-
メール
3004965319@qq.com
-
電話番号
15201736385
-
アドレス
上海嘉定区澄瀏道路52号
研生elisa販売拠点(上海研生実業有限公司)
3004965319@qq.com
15201736385
上海嘉定区澄瀏道路52号
通常のPCRの検査効率を最適化するには、反応系とプライマー設計を最適化するほか、増幅プログラムの精密化調整にも注目する必要がある。次に、いくつかの重要な戦略を示します。
1.勾配PCRによる最適アニーリング温度の決定
アニール温度は増幅特異性に重要である。アニーリング温度は、50°C−65°Cの勾配を設定するなどの勾配PCRによって迅速にスクリーニングすることができ、非特異的ストリップまたは増幅失敗を回避することができる。プライマーTm値の差が大きい場合は、「Touchdown PCR」を試してみてください。つまり、高温から徐々にアニール温度を下げ、高特異性産物を優先的に増幅することができます。
2.サイクルパラメータの最適化
−予備変性時間:高GC含有量のテンプレートに対して、初期変性を5〜10分に延長し、DNA鎖の解鎖を確保することができる。
−延長時間:増幅断片の長さに基づいて調整する(一般的には1 kb/分で計算する)が、酵素活性の違いに注意する必要がある。例えば、ハイファイ酵素はより長い時間を必要とすることがあります。
-サイクル数:一般的な増幅推奨25~35サイクル。多すぎるサイクルはプライマー二量体のリスクを増加させ、テンプレートを希釈することによって、またはサイクル数平衡感度と特異性を減少させることができる。
3.添加剤の使用
-DMSOまたはベタイン:複雑な二次構造の影響を緩和し、特に長い断片または高いGCテンプレート(推奨最終濃度3~5%)に適している。

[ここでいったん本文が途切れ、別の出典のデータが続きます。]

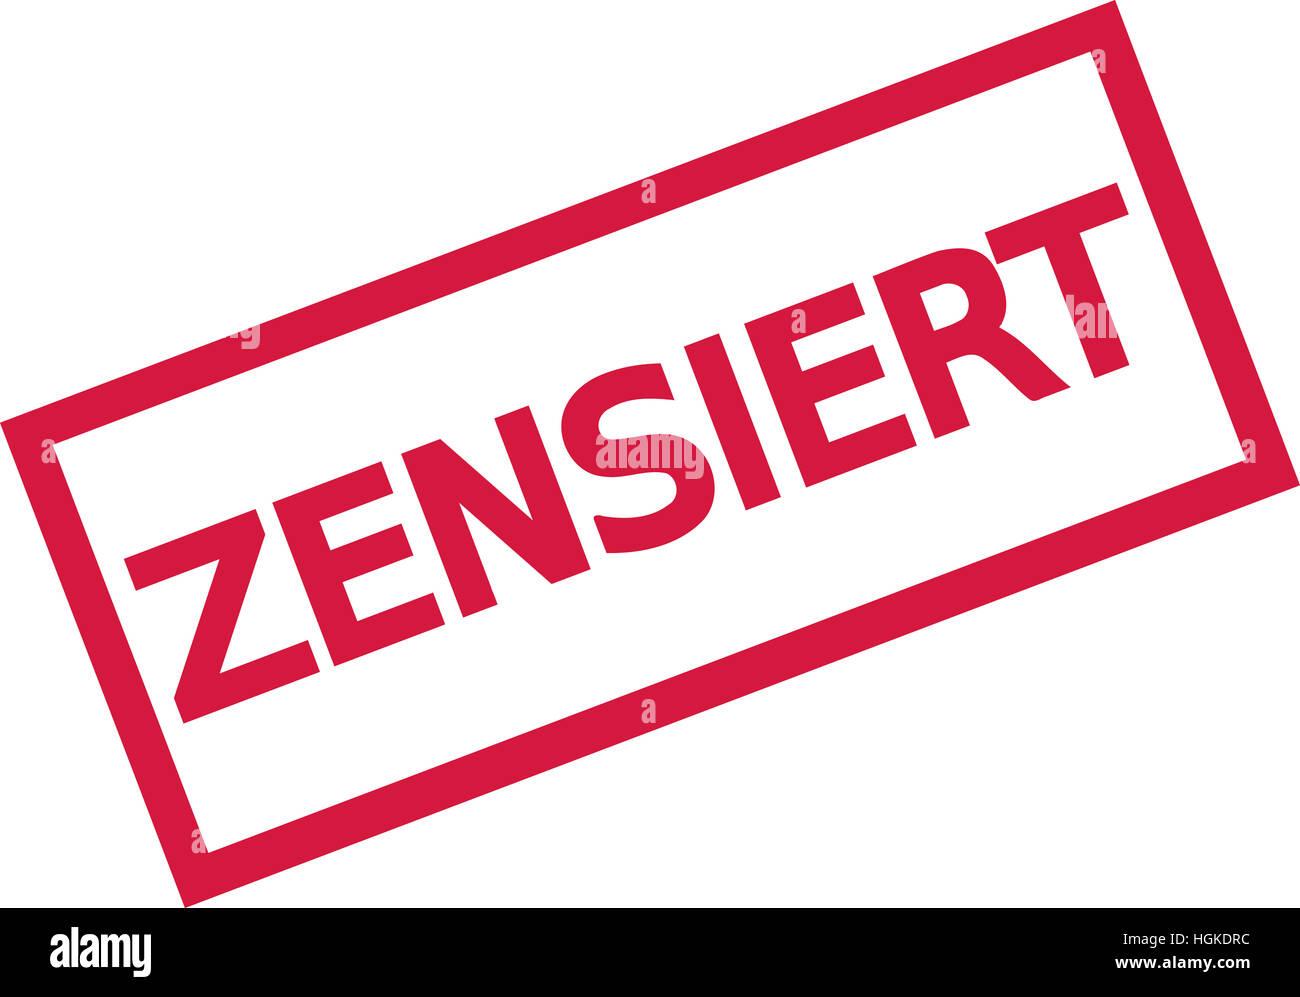 Censored stamp sign - german - Stock Image

-Mg²濃度最適化:Mg²はTaq酵素の補助因子であり、その濃度(通常1.5-2.5 mM)はdNTPsと平衡しなければならない。最適濃度は、0.5 mM間隔の勾配実験により決定することができる。
4.テンプレートの品質と量
分解または抑制物質を含むテンプレートの使用を避ける。サンプルが環境DNAである場合、カラム精製などの前処理工程を追加することができる。テンプレート量は1 ~ 100 ngの間が推奨されており、多すぎると非特異的な増幅を招く可能性があり、少なすぎるとサイクル数を増やす必要があります。
5.対照設定
試薬汚染または系異常を排除するために、陽性対照(既知のテンプレート)、陰性対照(テンプレートなし)、および内部対照(例えば執事遺伝子)が含まれる。